Furthermore, 85% of patients had liver metastases, which is a known negative prognostic factor [32]. It has also been reported that the presence of a liver metastatic burden of more than 50% liver volume could be considered as a predictor of shorter OS [33, 34].
So, the low toxicity rate could be explained with a careful patient selection according to exclusion criteria, ensuring that Lu-PRRT is not performed too soon after other therapies and that any serious toxicities from previous treatments are resolved. We also emphasize also that modulating the dosage according to patients’ characteristics and increasing dose fractionation may help mitigate predictable toxicity. Based on preliminary results obtained in GEP and bronchial NET patients, it does not appear that decreasing the IBC leads to increased toxicity compared to the standard IBC of 8 weeks.
Study Limitations
This study has several limitations. The results are based on a small patient cohort, and further validation in a larger population with longer follow-up is needed. While the study was designed as a randomized trial, the small sample size and the focus on toxicity data limit our ability to fully evaluate the trial’s potential. The results might be more promising when combined with efficacy data, which will be published when available. Additionally, the protocol was a “basket” trial, and data were collected from patients with GEP and lung NENs treated with Lu-PRRT, leading to some heterogeneity in the patient population.
Conclusion
In conclusion, preliminary results from the randomized phase II trial of patients with GEP and pulmonary NENs treated with Lu-PRRT indicate that the intensive treatment is safe and well tolerated. It appears possible to develop individualized treatment regimens based on patients’ clinical history and preexisting comorbidities, potentially minimizing toxicity and therapy-related side effects.

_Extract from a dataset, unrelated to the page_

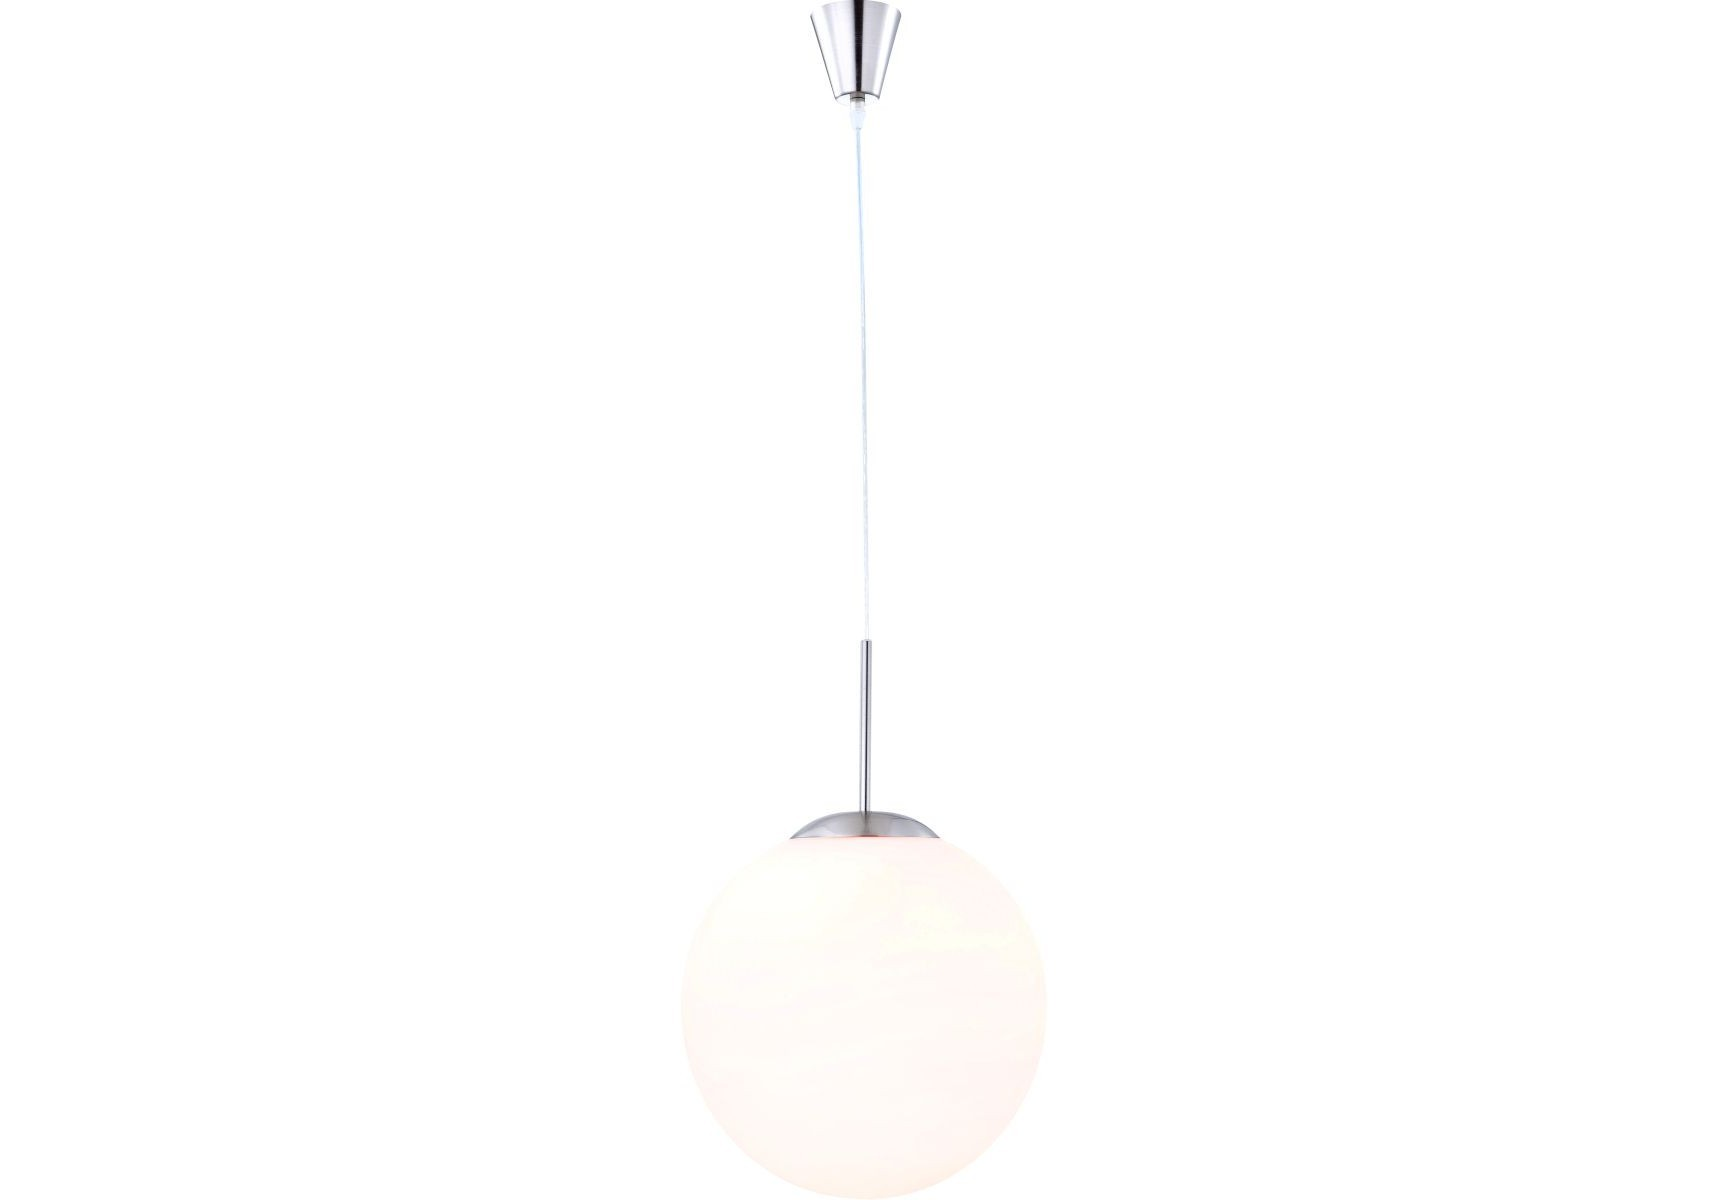 Светильник подвеснойПодвесные светильники<br>&amp;lt;div&amp;gt;Цоколь: E27&amp;lt;/div&amp;gt;&amp;lt;div&amp;gt;Мощность: 60W&amp;lt;/div&amp;gt;&amp;lt;div&amp;gt;Количество ламп: 1&amp;lt;/div&amp;gt;&amp;lt;div&amp;gt;&amp;lt;br&amp;gt;&amp;lt;/div&amp;gt;&amp;lt;div&amp;gt;&amp;lt;br&amp;gt;&amp;lt;/div&amp;gt;<br><br>Material: Стекло<br>Высота см: 180

Further data are needed to confirm these results.
Acknowledgments
We would like to thank our colleagues belonging to the IRST Neuroendocrine multidisciplinary team.
Statement of Ethics
We declare that the study was performed with the approval of IRST and Area Vasta Romagna Ethics Committee (C.E.ROM.) on March 16, 2016 (prot number 1745/2016) and by the competent Italian Regulatory Authorities. It was conducted with appropriate participants’ informed consent in compliance with the Helsinki Declaration and with Good Clinical Practice (GCP) guidelines, too. Written informed consent to participate in the study was obtained from participants (or their parent/legal guardian where appropriate).
Conflict of Interest Statement
The authors declare that they have no conflict of interest.
Funding Sources
This work was partly supported thanks to the contribution of Ricerca Corrente by the Italian Ministry of Health within the research line Innovative therapies, phase I–III clinical trials and therapeutic strategy trials based on preclinical models, onco-immunological mechanisms and nanovectors. The funder had no role in the design, data collection, data analysis, and reporting of this study.
Author Contributions
Designed the research study F.M., M.S., G.P., A.S., V.D.I., S.S., and M.M. Revised the informatics data F.F., L.Fab., and M.M. Conducted the statistical analyses, collected data, and follow-up I.G., FM, FF, M.M., L.Fab., M.S., S.N., I.M., S.S., N.R., and A.R. Wrote the paper I.G., F.M., and M.S. Reviewed the manuscript and suggested additional analyses S.N., I.M., F.F., A.S., V.D.I., A.R., N.R., M.M., and L.Fan. All authors read and approved the final manuscript.
Data Availability Statement
The data that support the findings of this study are not publicly available due to the fact that they are preliminary data respect to expected total sample size of the study, but they are available from the corresponding author (I.G., [email protected]) upon reasonable request.